Brief:
Starting at the first line and ending at the one with "High street store", give the lines of the listing again exactly, and nothing else; skip the pictures.

Dataset excerpt:
================

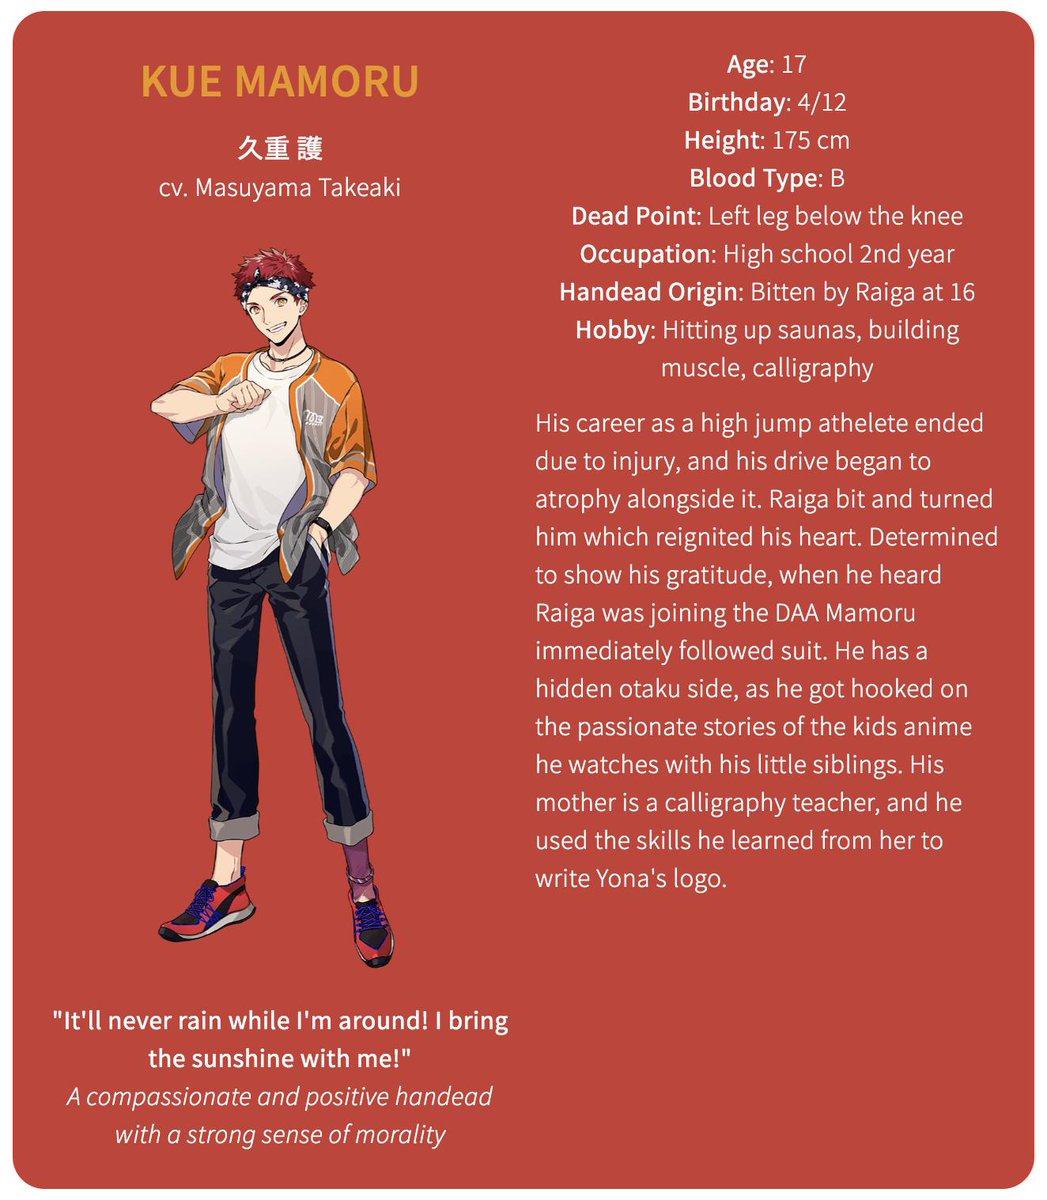 The second member of YonaKue Mamoru (cv. Masuyama Takeaki)Age: 17Birthday: 4/12Height: 175 cmBlood Type: BDead Point: Left leg below the kneeOccupation: High school 2nd yearHandead Origin: Bitten by Raiga at 16Hobby: Hitting up saunas, building muscle, calligraphy
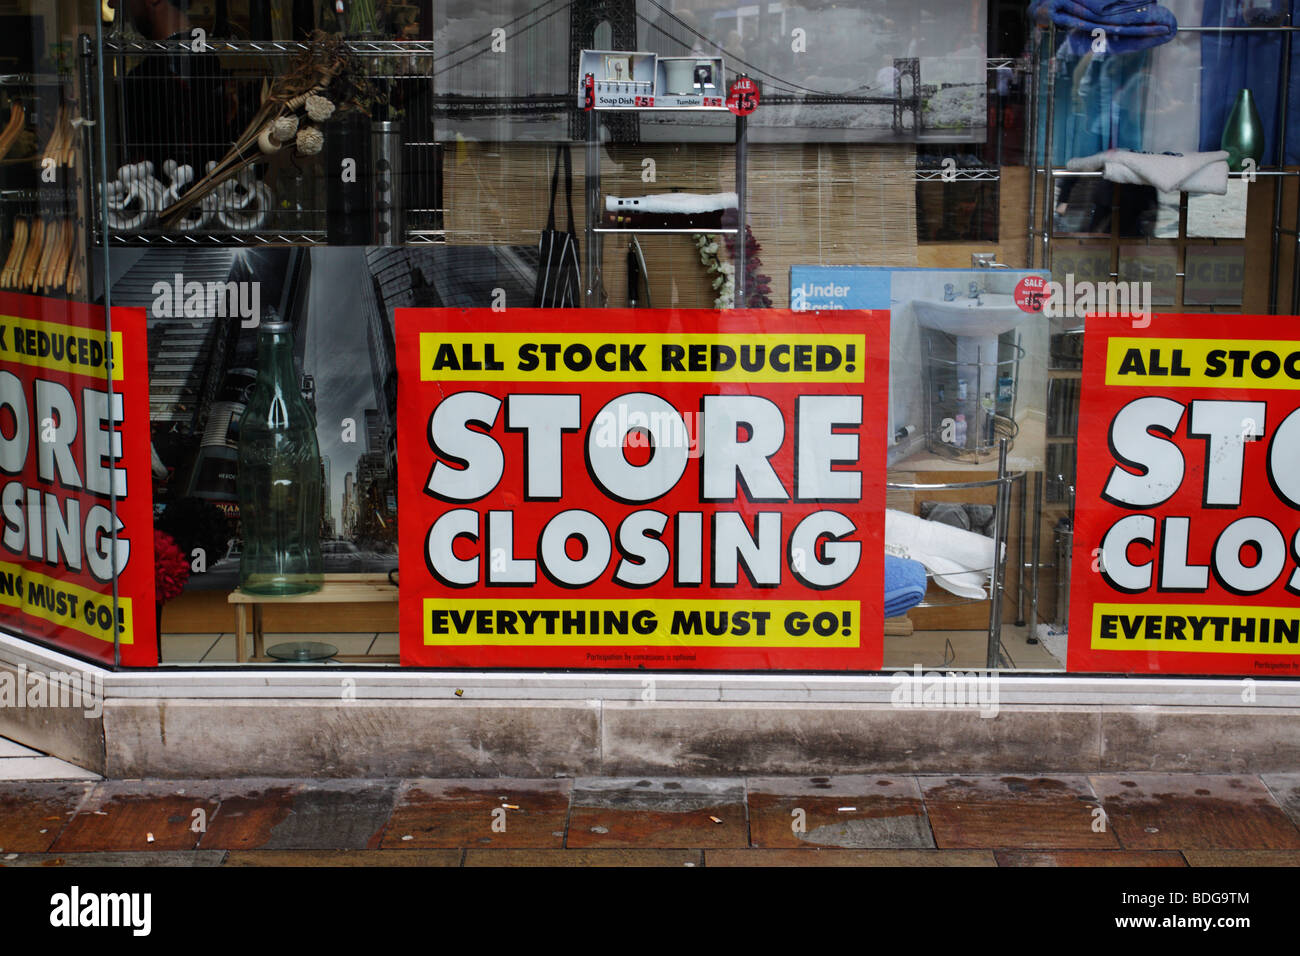 High street store closures during the 2009 recession Stock Photo
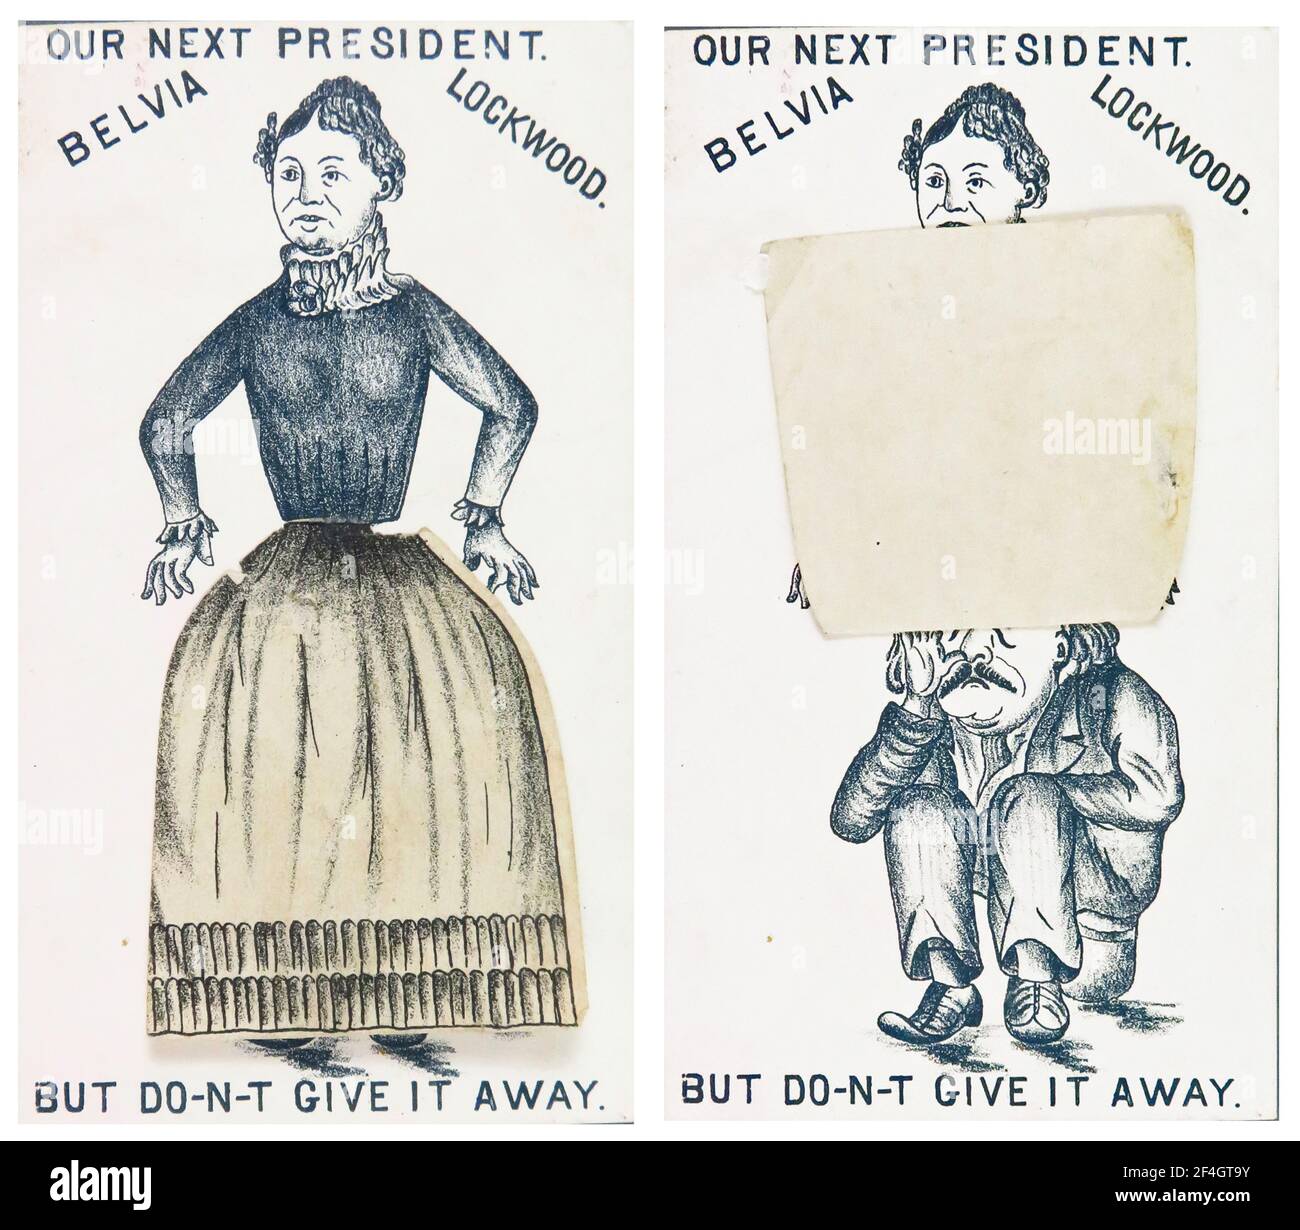 Two images of a Belva Lockwood trade card or ink blotter, with a skirt that lifts to reveal politician Benjamin Butler, and the text 'Our Next President, Belvia Lockwood, But Do-n-t Give It Away, ' published for the American market, 1884. Photography by Emilia van Beugen. () Stock Photo
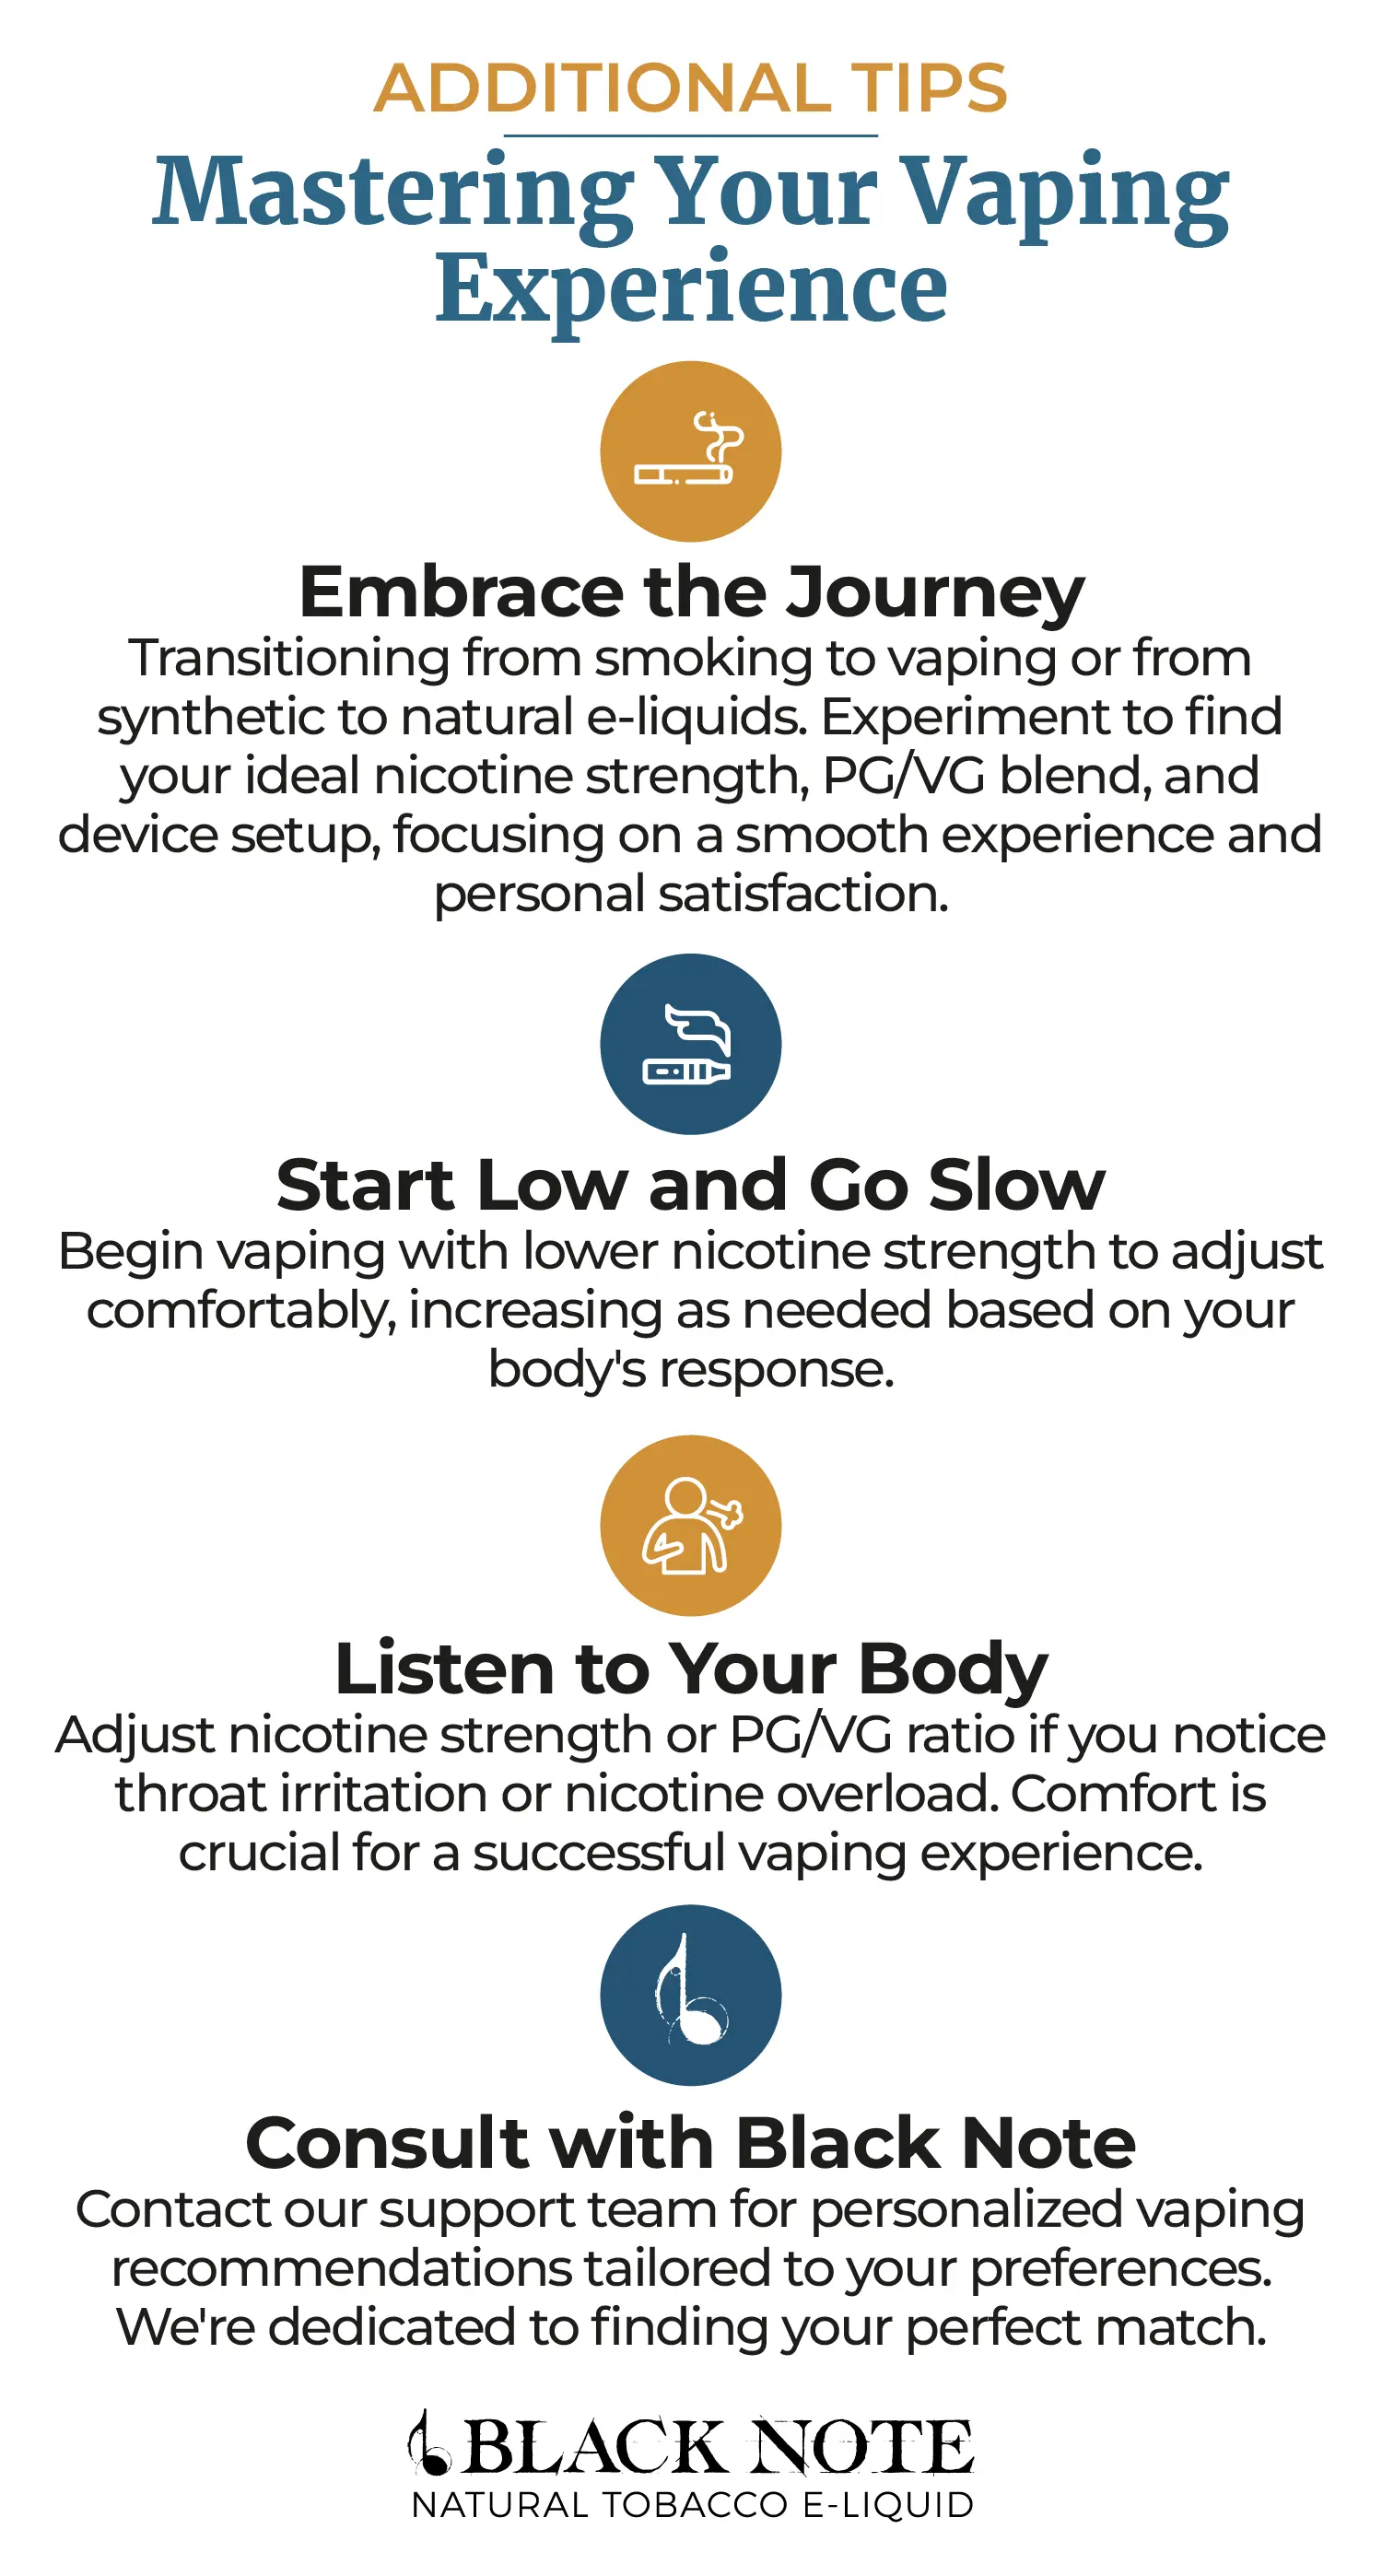 Infographic Provding Additional Tips For Mastering Your Vaping Experience

================

Task result:
 The second member of YonaKue Mamoru (cv. Masuyama Takeaki)Age: 17Birthday: 4/12Height: 175 cmBlood Type: BDead Point: Left leg below the kneeOccupation: High school 2nd yearHandead Origin: Bitten by Raiga at 16Hobby: Hitting up saunas, building muscle, calligraphy
 High street store closures during the 2009 recession Stock Photo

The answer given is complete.